Dans une de nos publications, l’on s’est déjà posé cette question: en 2010, y-a-t-il eu un vote à caractère ethnique en Guinée ? Oui, et sans aucune ambiguïté si l’on se réfère au principe selon lequel il y a eu une certaine corrélation entre le choix des électeurs et leur appartenance ethnique : la majorité des peules a voté pour le candidat peul, la majorité des malinkés a voté pour le candidat malinké et le candidat proche de l’ethnie soussou a eu le soutien de ce groupe. Autrement dit, l’appartenance ethnique de chacun des candidats et celle des électeurs, a lourdement été déterminant dans le choix de ce dernier. Cellou Dalein Diallo de l’ethnie peule a presque fait le plein de voix dans la région du Fouta, majoritairement peuplée par les Peuls. Malinké, Alpha Condé a quant à lui obtenu d’excellents résultats dans son fief de la haute Guinée majoritairement habité par des Malinkés, et Sydia Touré a presque raflé dans les villes de la Basse Guinée, sa région natale. Ainsi, la performance électorale obtenue par chacun des candidats est due en grande partie à son appartenance ethnique.

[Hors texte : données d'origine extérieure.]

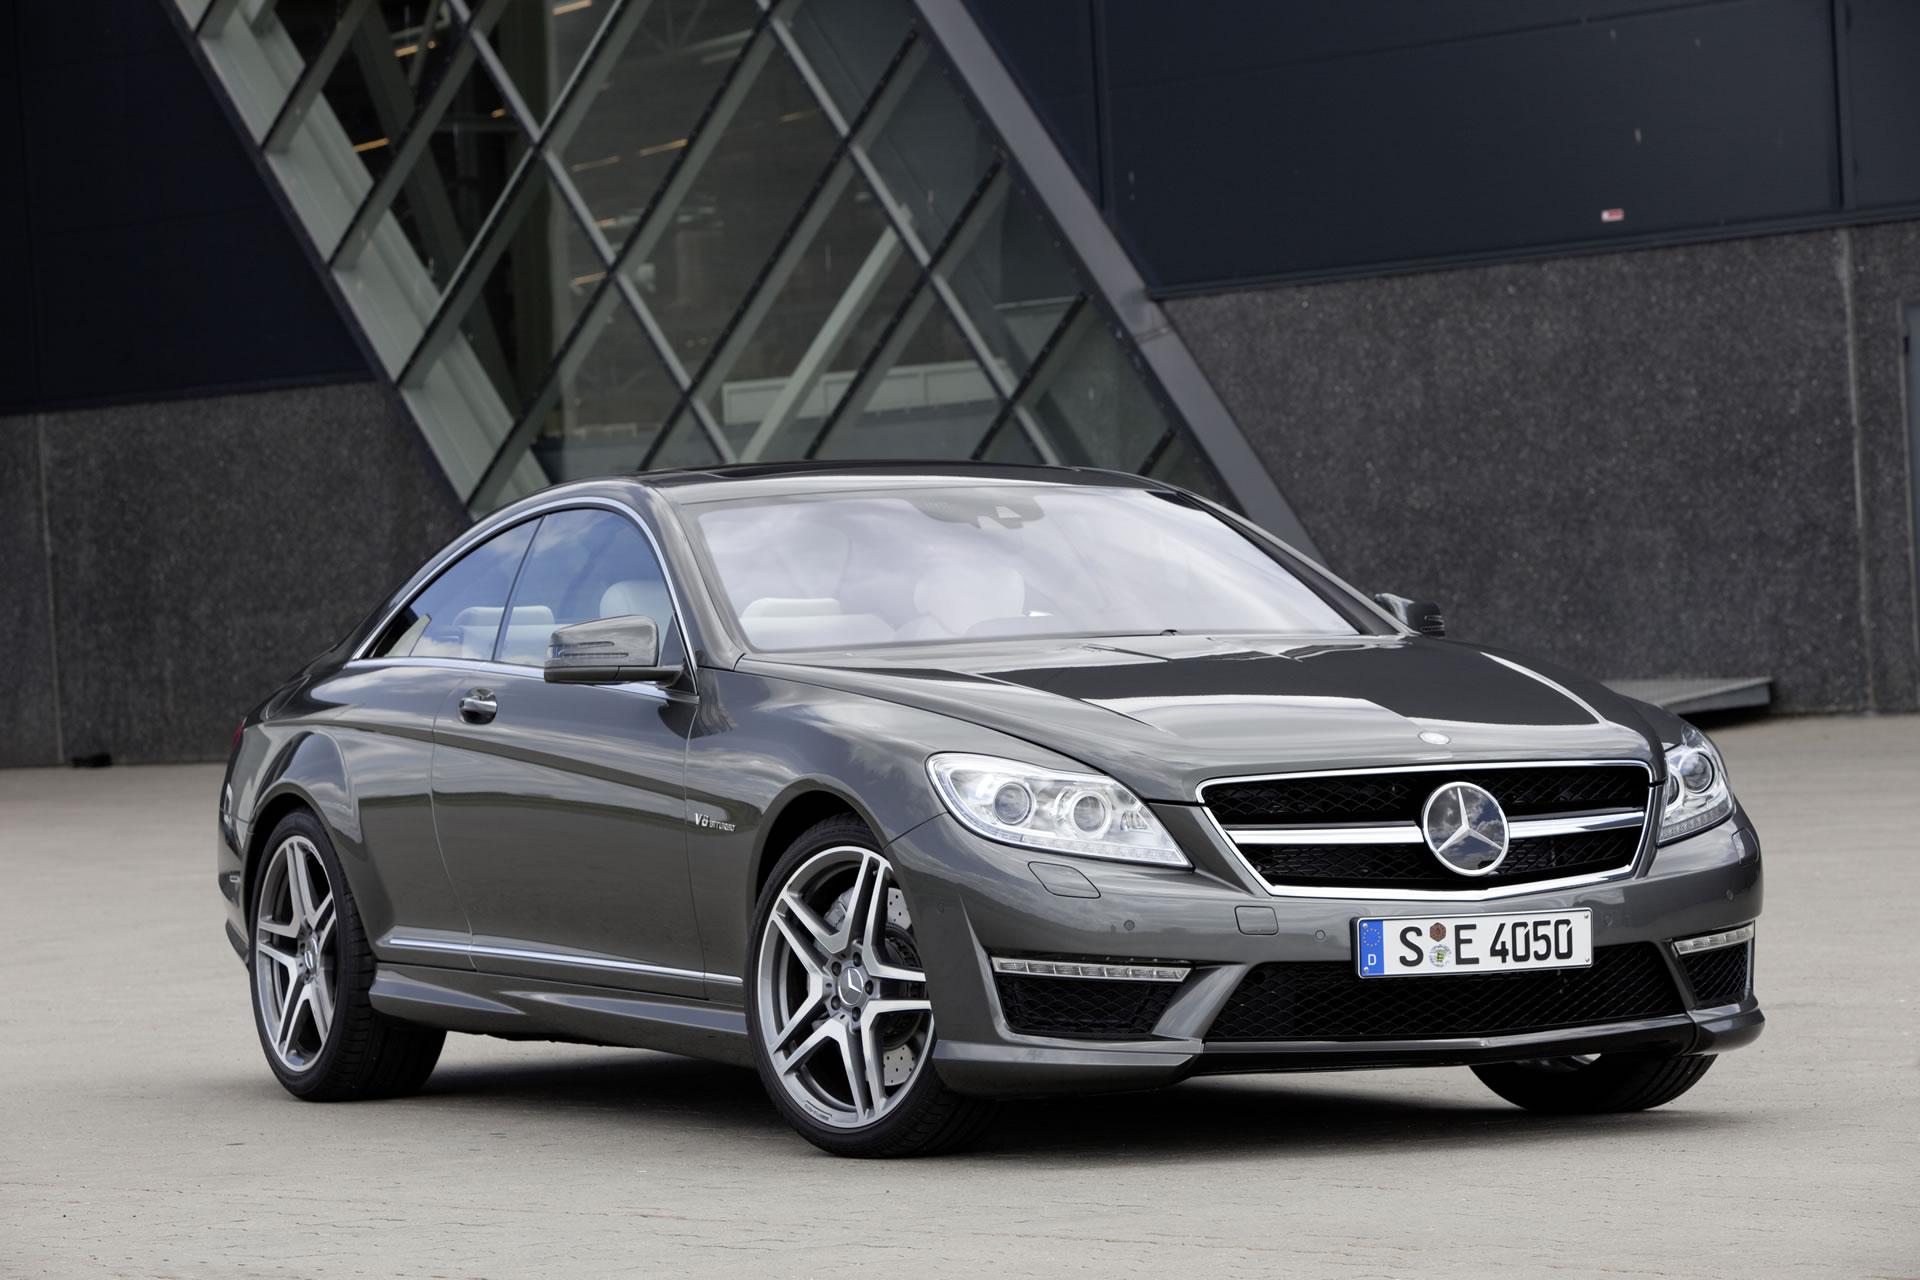 Mercedes-Benz CL 63 AMG High Resolution Wallpaper Free

 Par ailleurs, à travers ces analyses, l’on peut dire qu’ici, chacun des candidats se sert de l’ethnicité comme étant une stratégie de mobilisation électorale, en ce sens qu’ils se sont tous basés sur cette instrumentalisation ethnique pour avoir un poids électoral. De fait, ils orientent leurs mobilisations vers les électeurs avec lesquels ils ont un patrimoine commun, partageant la même culture ou une même langue. Autrement dit, à travers ces données de l’enquête, l’on se rend compte que tous les candidats ont surfé sur cette ethnicité afin de manipuler les différentes ethnies pour les différentes compétitions électorales.

En somme, ces données mettent en relief des éléments qui conditionnement le choix des électeurs en Guinée. Autrement dit, la participation politique peut être influencée par la famille ou l’appartenance régionale. Il y a donc de fortes chances qu’un Soussou vote pour un candidat Soussou, un Peul pour un candidat peul, un Malinké pour un candidat malinké et un forestier pour un candidat de la forêt. Dans ce cas, l’électeur ne se comporte pas en consommateur rationnel et par conséquent, ne réagit pas en fonction de l’offre politique.

Bibliographie :

AMSELLE, Jean-Loup et M’BOKOLO, Elikia, 1985, Au cœur de l’ethnie : ethnies, tribalisme et Etat en Afrique, Paris, La Découverte

BARRY Alpha Amadou Bano, 2000, Les violences collectives en Afrique : le cas guinéen, Paris, L’Harmatan

BALDE Allassane, 2007, « L’ethnie à l’épreuve des enjeux politiques : réflexion sur le cas de la Guinée »,  Comunication à la conférence internationale « Statistiques sociales et diversité ethnique, doit-on compter, comment et à quelles fins ? Organisée par le CIQSS et l’INED du 06 au 08 Novembre 2007 à Montréal consulté en ligne le 25 Mars 2017

CHARLES Bernard, 1967, « Cadres politiques et administratifs dans la construction nationale de la Guinée », Revue internationale de sociologie, no 2-3, pp 312-359

Issaka Souaré : UNE ANALYSE STRATÉIQUE DES ÉLECTIONS PRÉSIDENTIELLES DE 2010 EN GUINÉE Comment la tortue a-t-elle dépassé le lapin dans la course, 2010, https://www.academia.edu

MALU Malu, Muriel Devey 2009, La Guinée, Paris, Karthala

WHITAKER Beth Elise et Inyanji Salma, 2015, « Vote de la diaspora et ethnicité au Kenya », Afrique contemporaine, numéro 256

Commission électorale nationale indépendante : CENI (2010)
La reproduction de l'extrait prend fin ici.